Tutorial 97: Networking and Multiplayer Basics
CNA has no networking API
CNA is a rendering, input, and audio framework. Networking is outside its scope. This tutorial shows
how to add multiplayer to your CNA game using popular C++ networking libraries. All networking code
lives outside the CNA API — it integrates through your Game::Update() method.
TCP/UDP with BSD sockets or ASIO
For simple games, raw BSD sockets work. For production code, use Asio (standalone header-only C++ networking library, part of Boost or as standalone).

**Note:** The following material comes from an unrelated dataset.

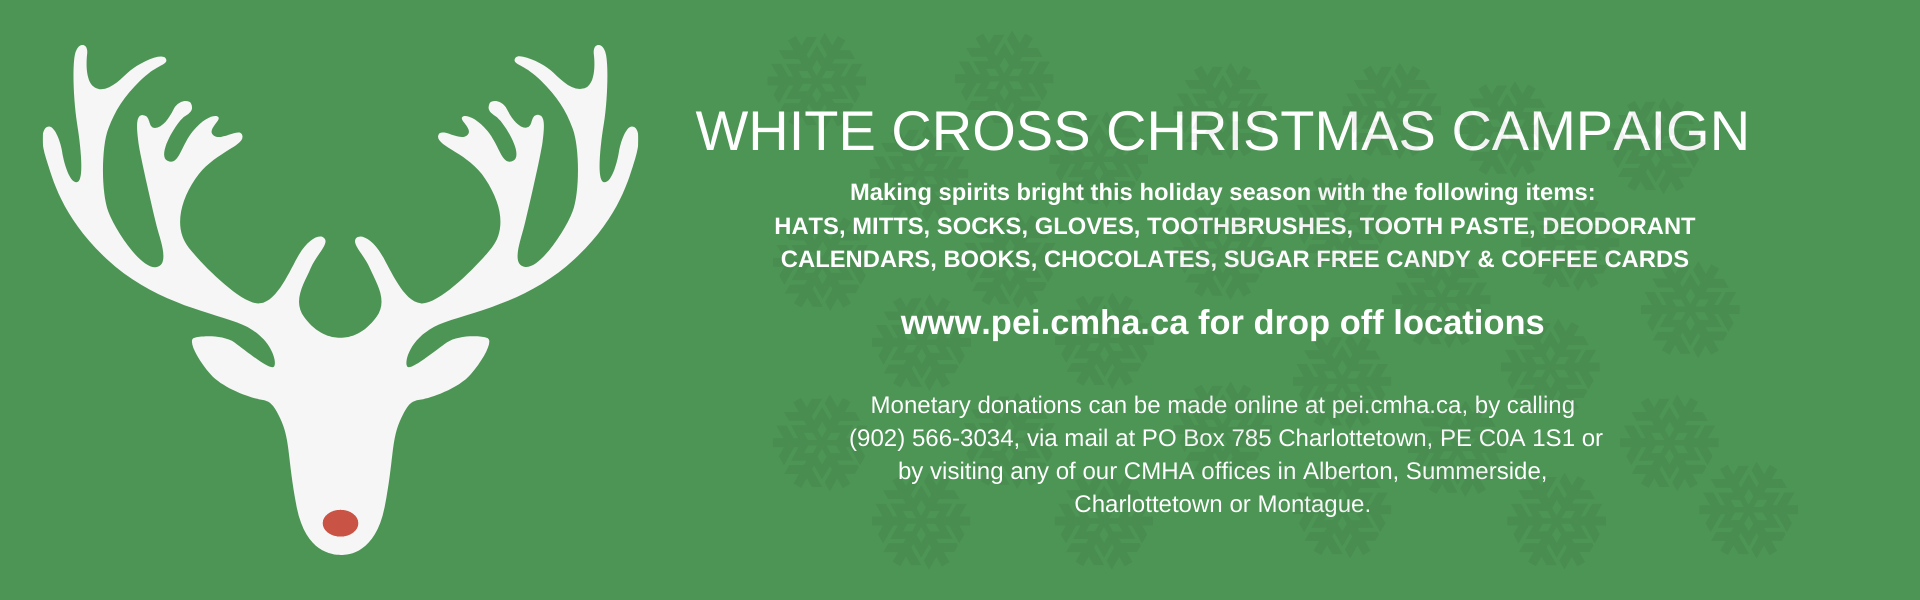 White Cross Christmas Campaign
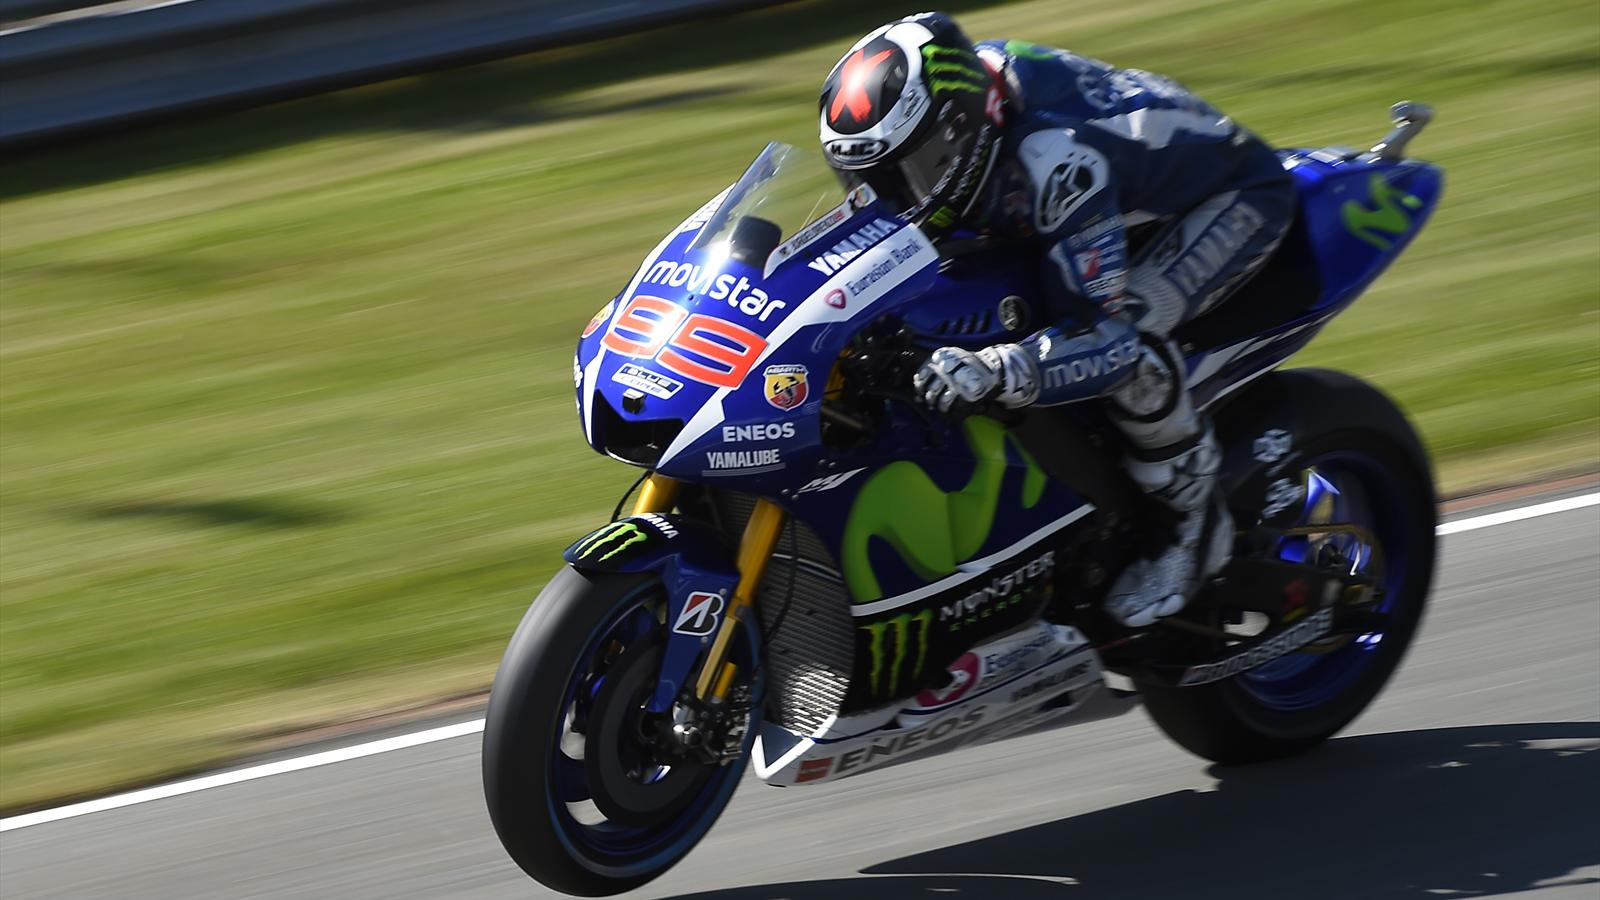 Jorge Lorenzo (Yamaha Factory) - GP of Germany 2015

// Simple UDP sender (BSD sockets)
#include <sys/socket.h>
#include <netinet/in.h>
#include <arpa/inet.h>
#include <unistd.h>
class UDPSender {
public:
UDPSender(const char* ip, uint16_t port) {
fd_ = socket(AF_INET, SOCK_DGRAM, 0);
addr_.sin_family = AF_INET;
addr_.sin_port = htons(port);
addr_.sin_addr.s_addr = inet_addr(ip);
}
~UDPSender() { if (fd_ >= 0) close(fd_); }
void Send(const void* data, int len) {
sendto(fd_, data, len, 0,
reinterpret_cast<sockaddr*>(&addr_), sizeof(addr_));
}
private:
int fd_;
sockaddr_in addr_{};
};
ENet library for UDP
ENet provides reliable UDP with packet sequencing on top of raw UDP. It is the networking layer used in many indie games.
# Add ENet to CMake:
find_package(ENet REQUIRED)
# Or: FetchContent_Declare(enet GIT_REPOSITORY https://github.com/lsalzman/enet.git)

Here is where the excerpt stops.